--- TO DO ---
Some entries follow. Reproduce exactly the lines starting at the one with "HOTEL TIPPS" and stopping after the one with "Eines der romantischsten".

--- LISTED ENTRIES ---

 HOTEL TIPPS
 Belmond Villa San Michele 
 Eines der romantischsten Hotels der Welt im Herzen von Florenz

==

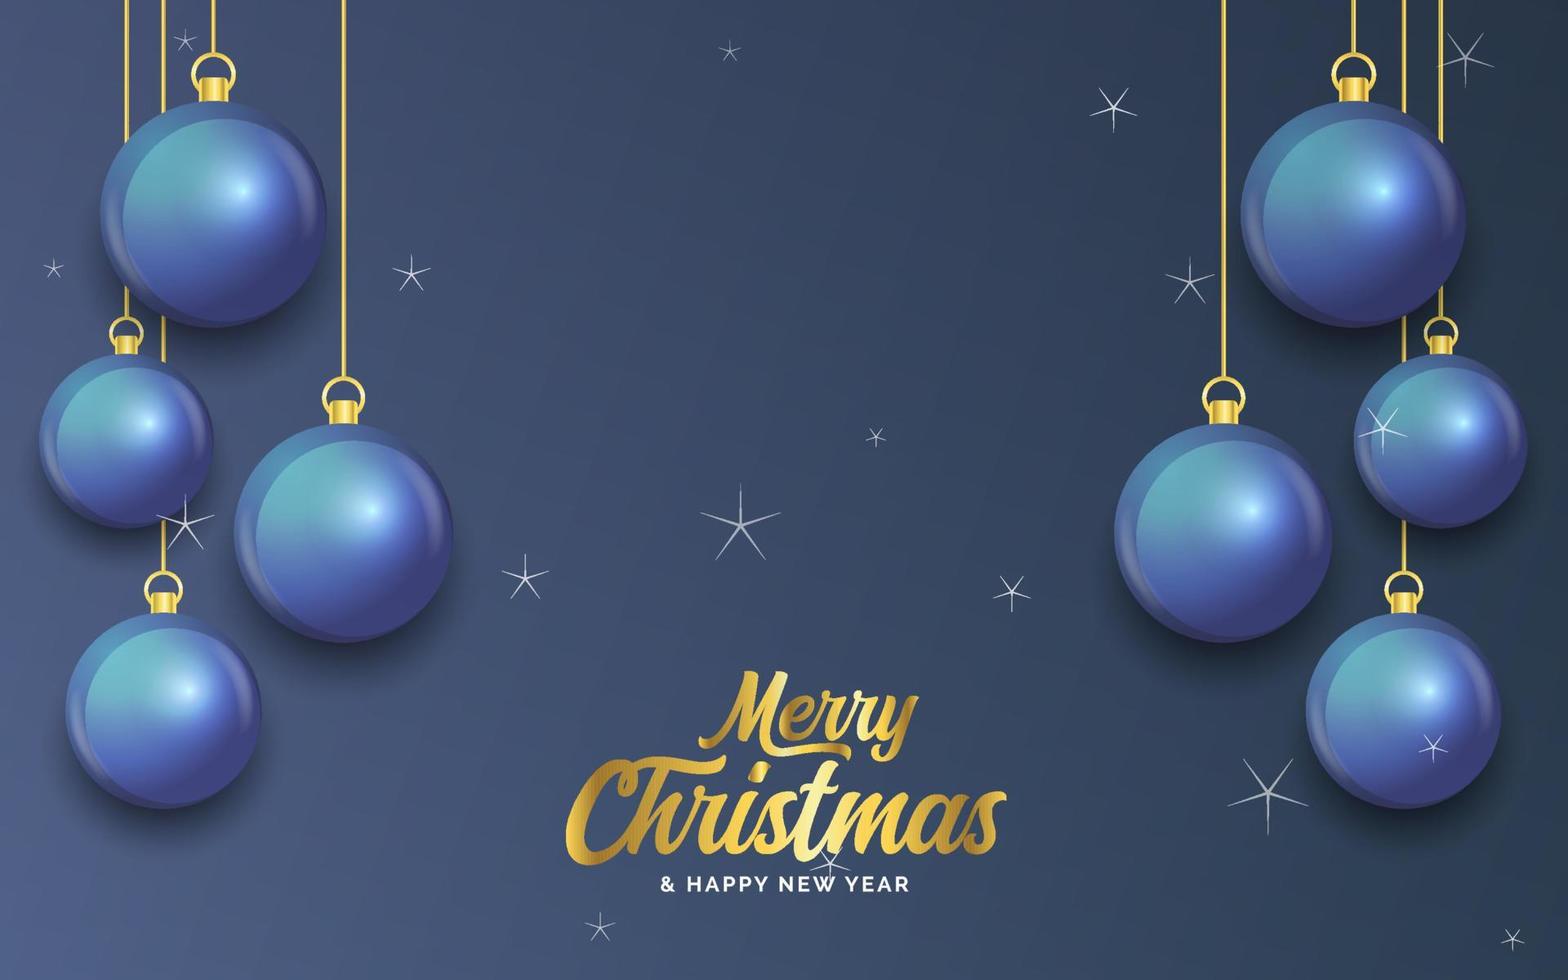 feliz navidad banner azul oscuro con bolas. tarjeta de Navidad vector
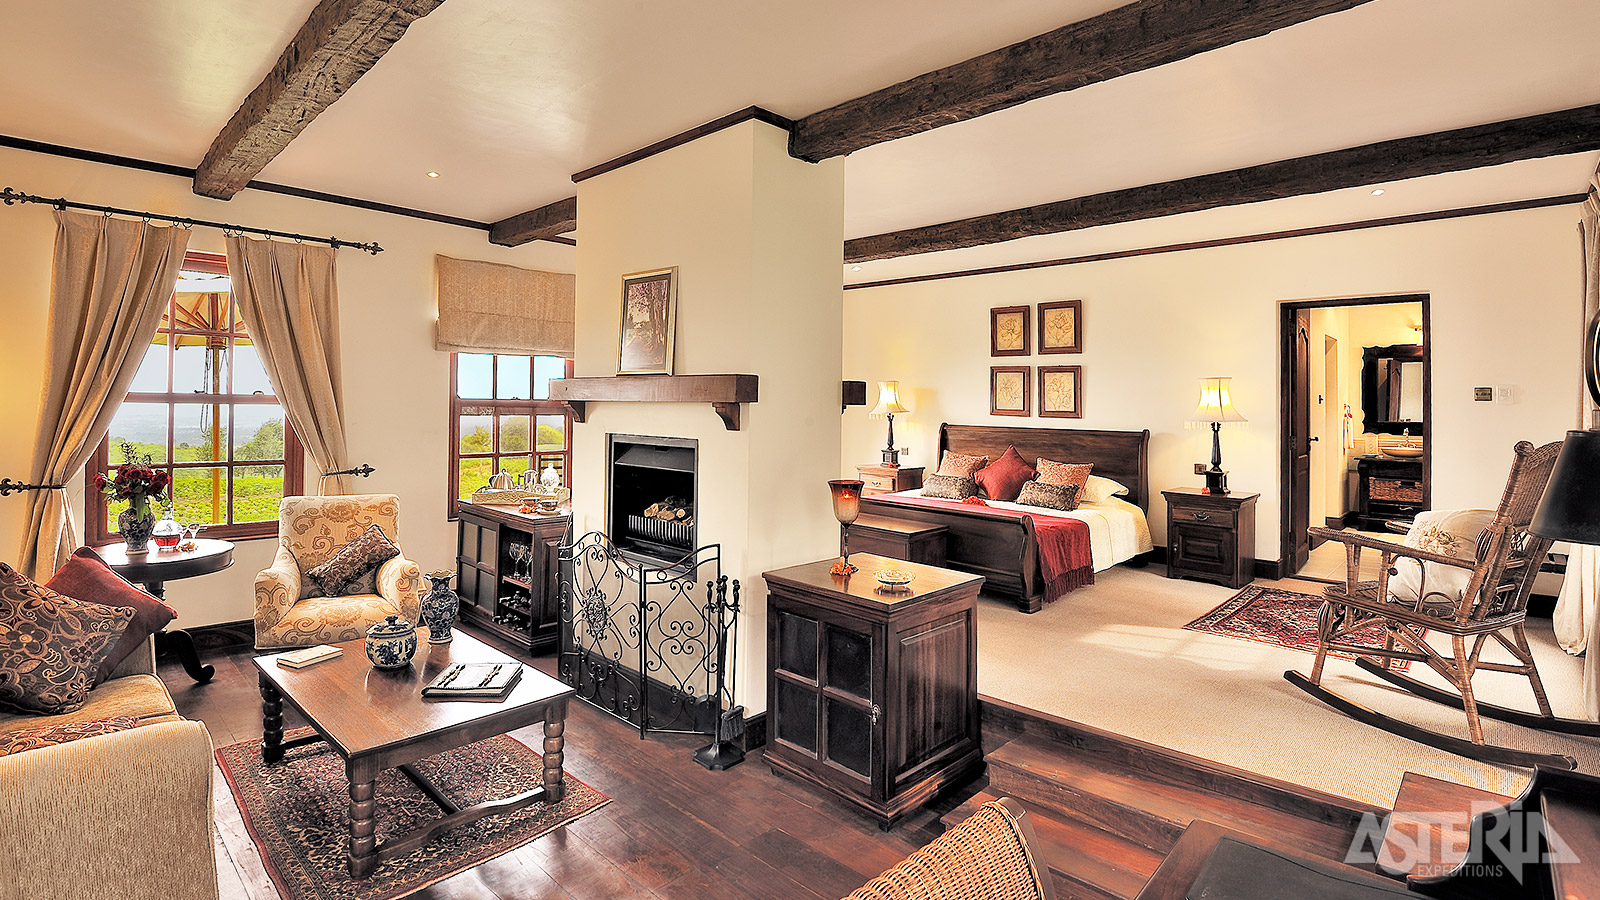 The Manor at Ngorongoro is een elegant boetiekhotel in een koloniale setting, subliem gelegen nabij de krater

--

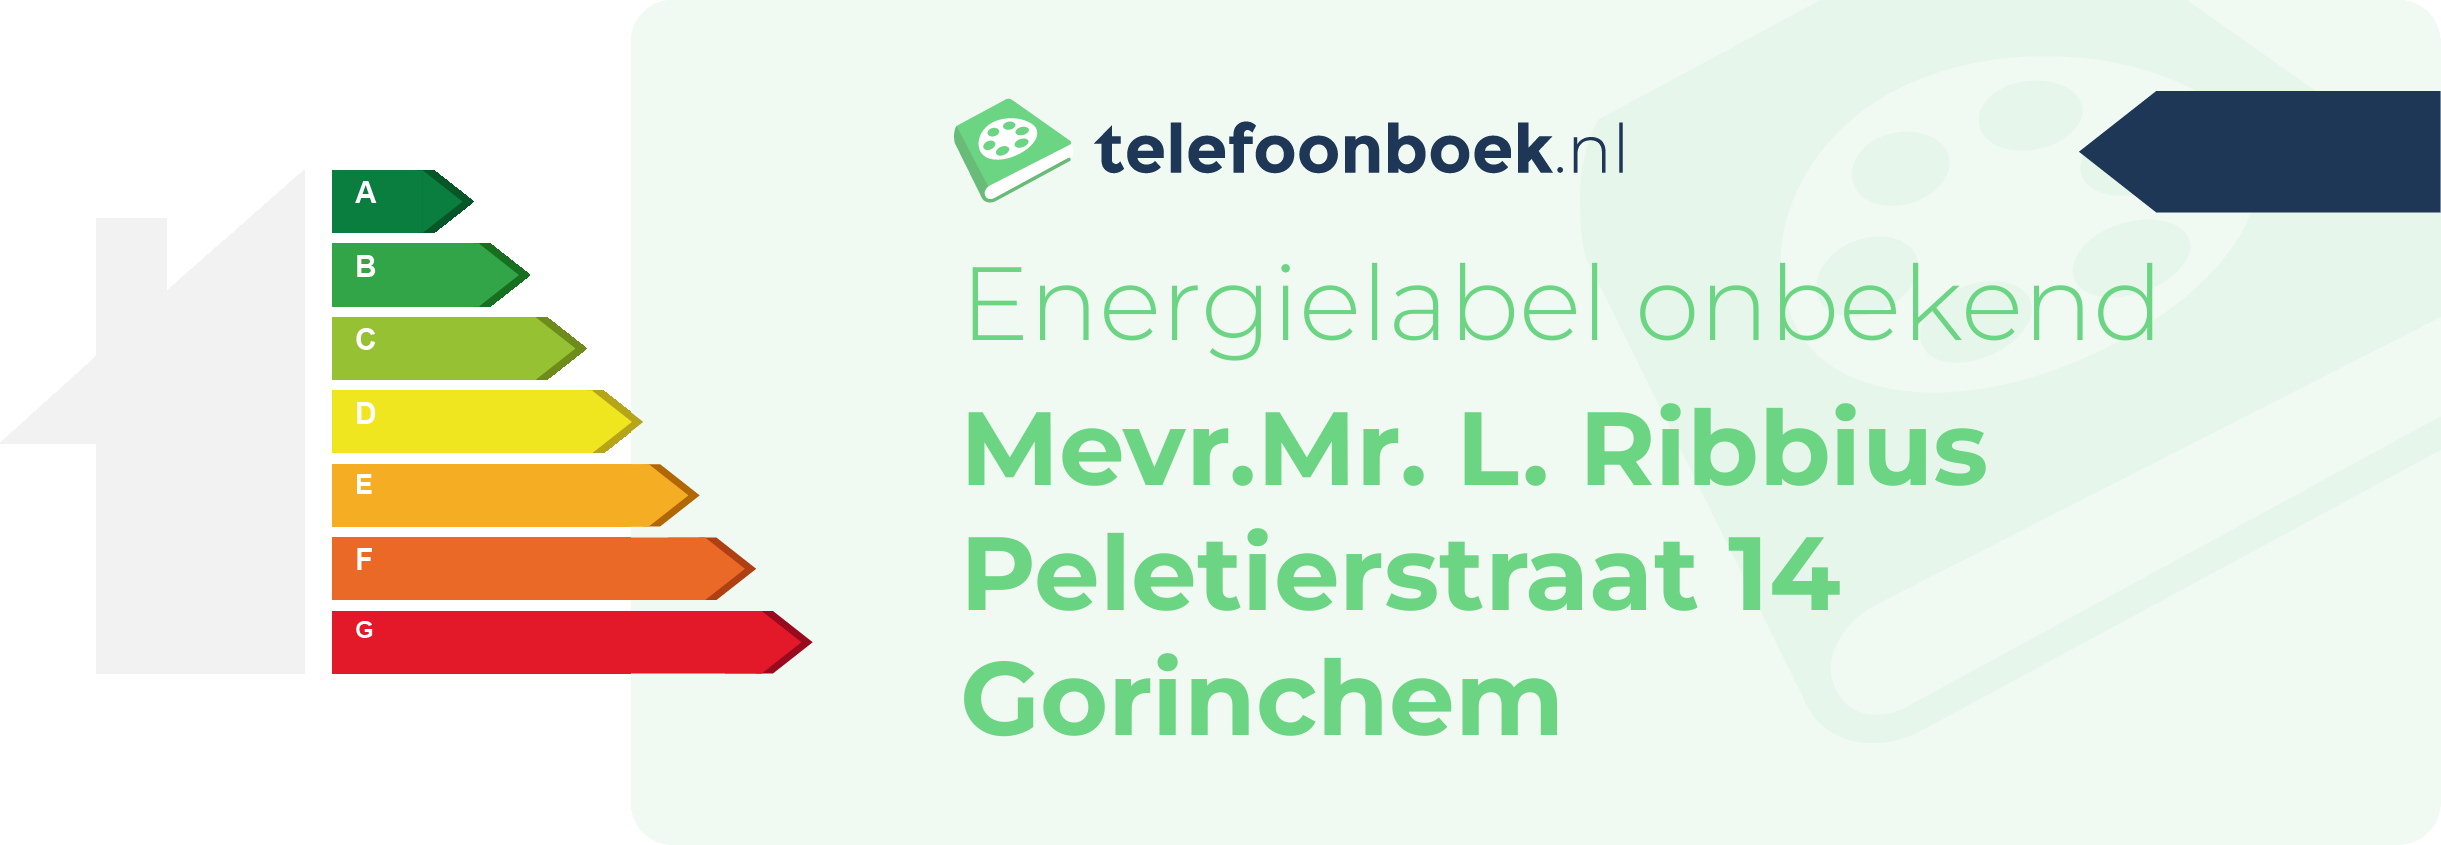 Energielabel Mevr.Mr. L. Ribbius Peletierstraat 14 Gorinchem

--- SOLUTION TO THE PROBLEM ---
 HOTEL TIPPS
 Belmond Villa San Michele 
 Eines der romantischsten Hotels der Welt im Herzen von Florenz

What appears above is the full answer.